Holger Gertz from Süddeutschen.de says: “The 'Tatort' describes quietly and sometimes laconically a milieu, but it also wants to be a threatening intimate play, he seeks the middle between Detlev Buck and Michael Haneke, but he doesn't find it. Inspector Lürsen keeps the clear head so typical of northern lights, while the gangsters get nervous, the relationships between the hostages are poisoning each other. Creaks lurk at temples, ice buckets fly, blood flows. However, tension is just a word. You don't feel it. "

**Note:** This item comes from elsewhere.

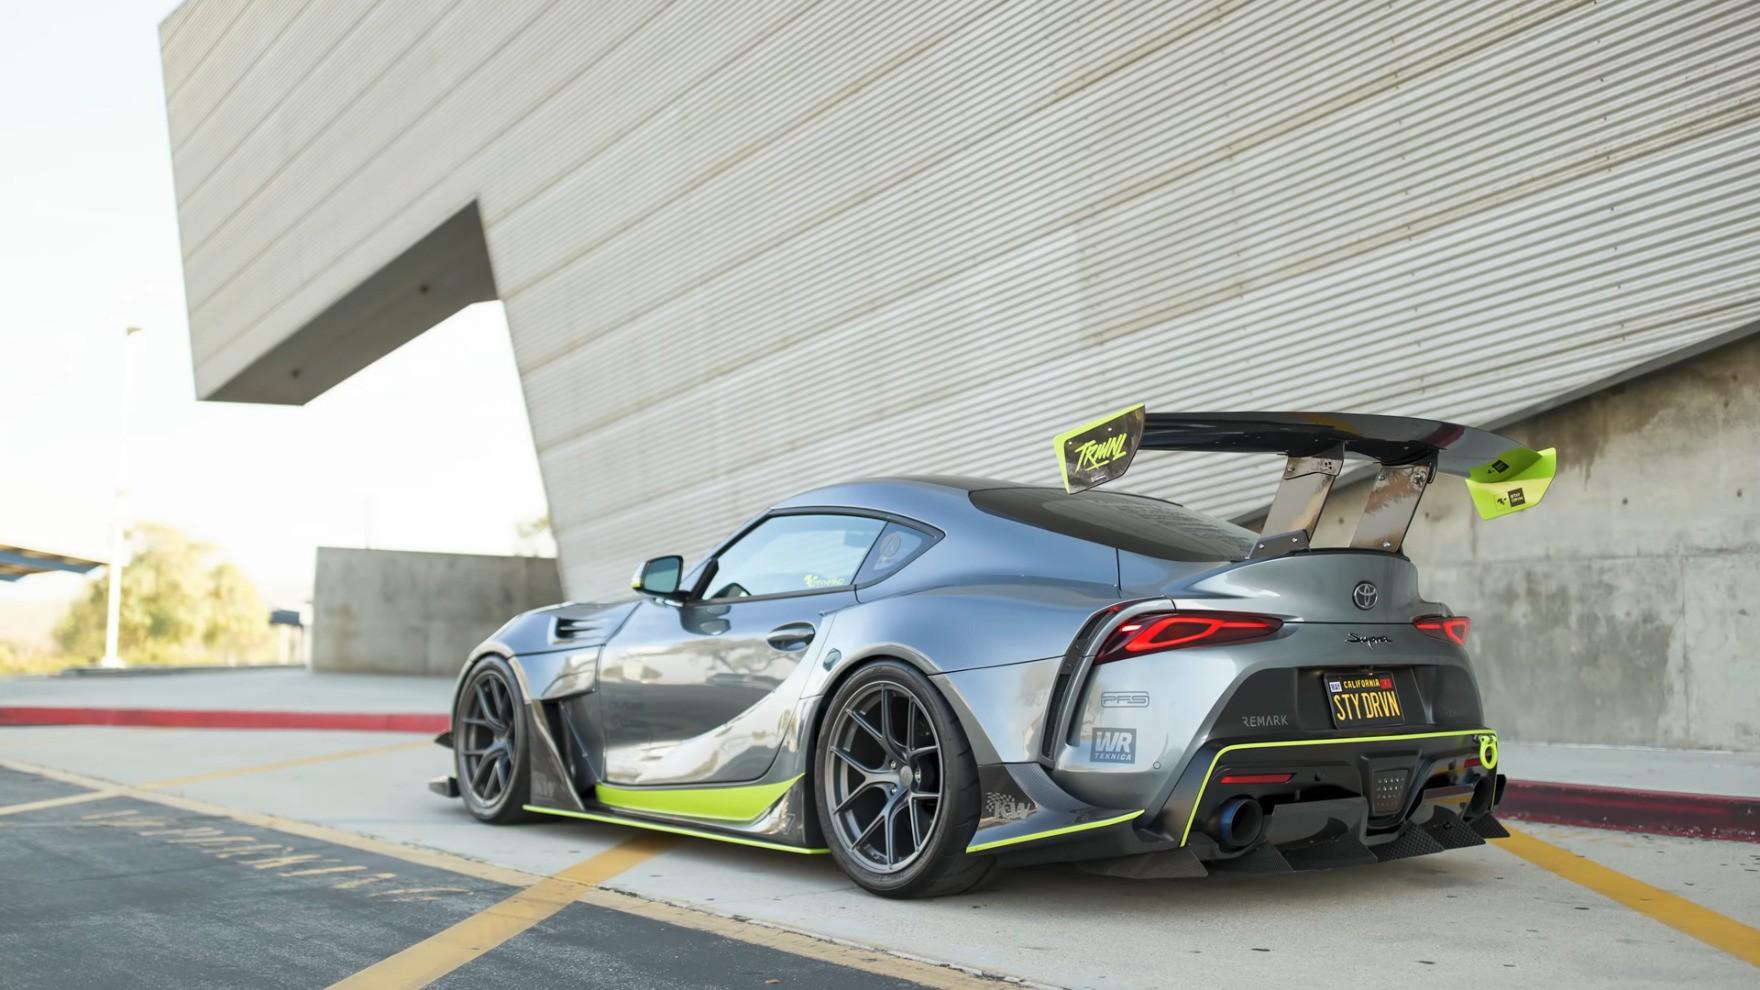 Toyota-Supra-by-Varis-5
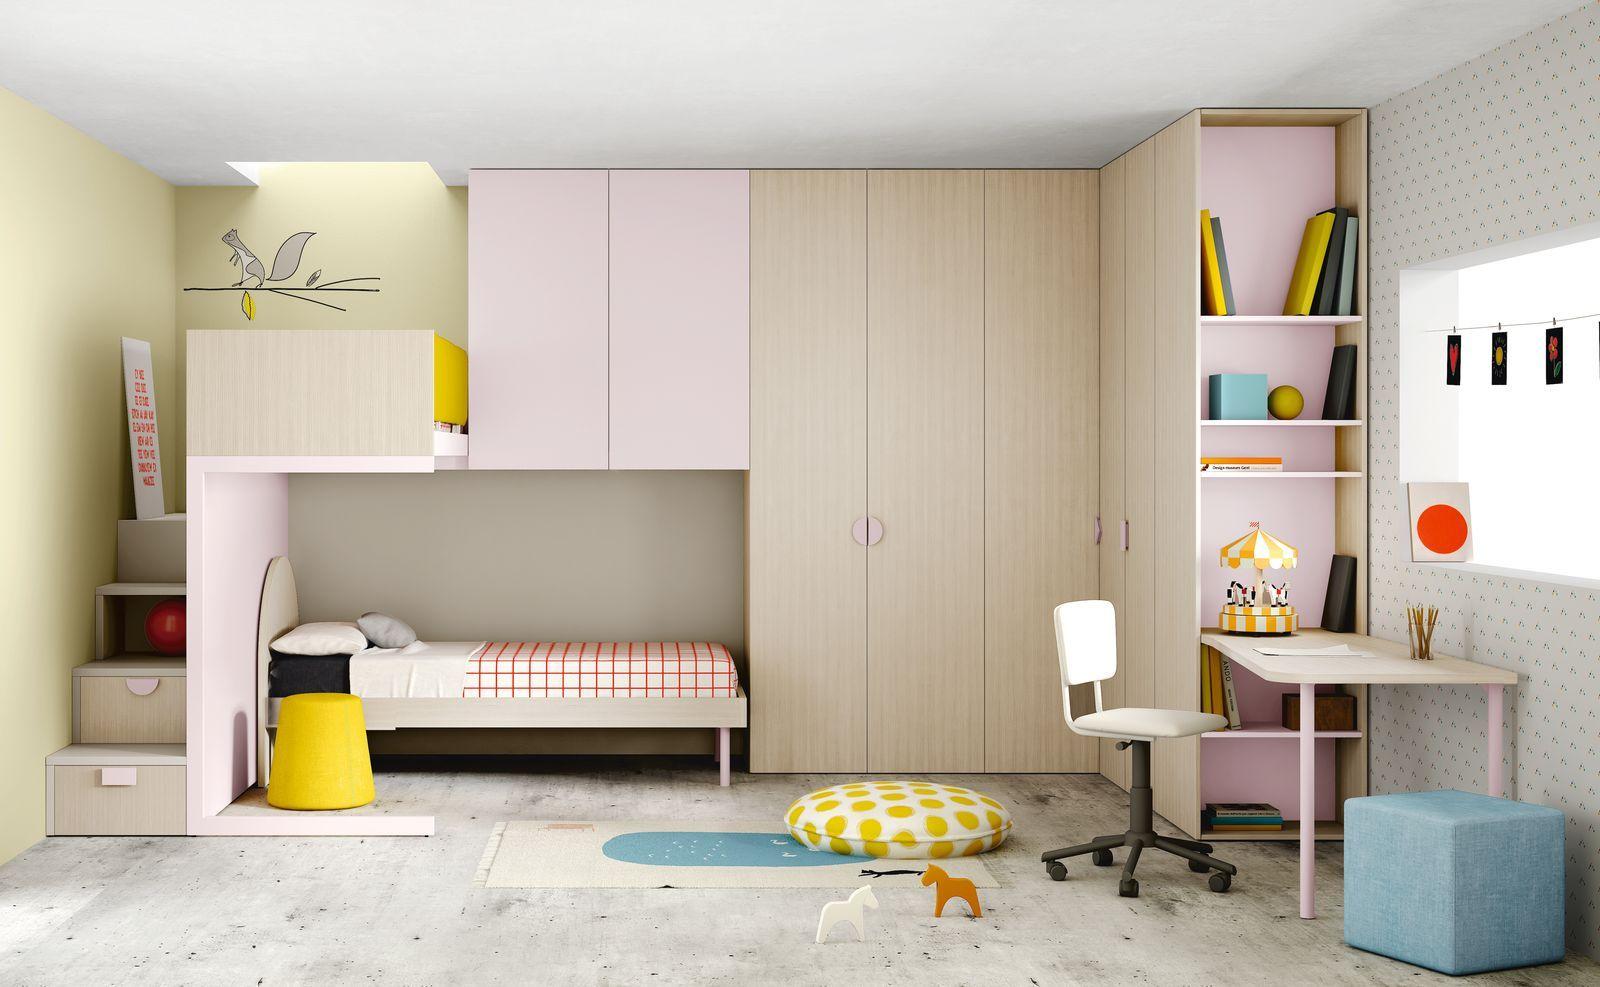 Camerette moderne soppalco Habitaciones infantiles

T-online.de gives a sobering rating: “Complete catastrophe. There is no other way to describe the staging of the [...] Bremen 'Tatort: ​​Wedding Night'. This crime thriller had absolutely nothing to offer in terms of drama, thrills or sophisticated police work. With a lot of effort and strain, he pulled himself there without tension and not even the repeated plunge into slapstick style increased the entertainment value of the story. "

Jakob Biazza at Focus online does not see the whole thing very positively and says that the whole crime scene "looks terribly constructed, because the characters are terribly superficial and the story is consistently untrustworthy."

The critics of the television magazine TV-Spielfilm rate this crime scene a little more positively: "Slightly grotesque, but fast and exciting."

Web links

Individual evidence

  1. a b Production details and audience rating at tatort-fundus.de, accessed on April 1, 2014.
  2. ^ Rainer Tittelbach: Film review on tittelbach.tv, accessed on April 1, 2014.
  3. Dieter Hoß: Cold Case in the Landgasthof on stern.de, accessed on April 1, 2014.
  4. Holger Gertz: He wants the truth on sueddeutsche.de, accessed on April 1, 2014.
  5. ^ "Tatort": The slap on a Bremen wedding night on t-online.de, accessed on April 1, 2014.
  6. Jakob Biazza: First the pants are lost, then the sense on focus.de, accessed on April 1, 2014.
  7. Short review on tvspielfilm.de, accessed on April 1, 2014.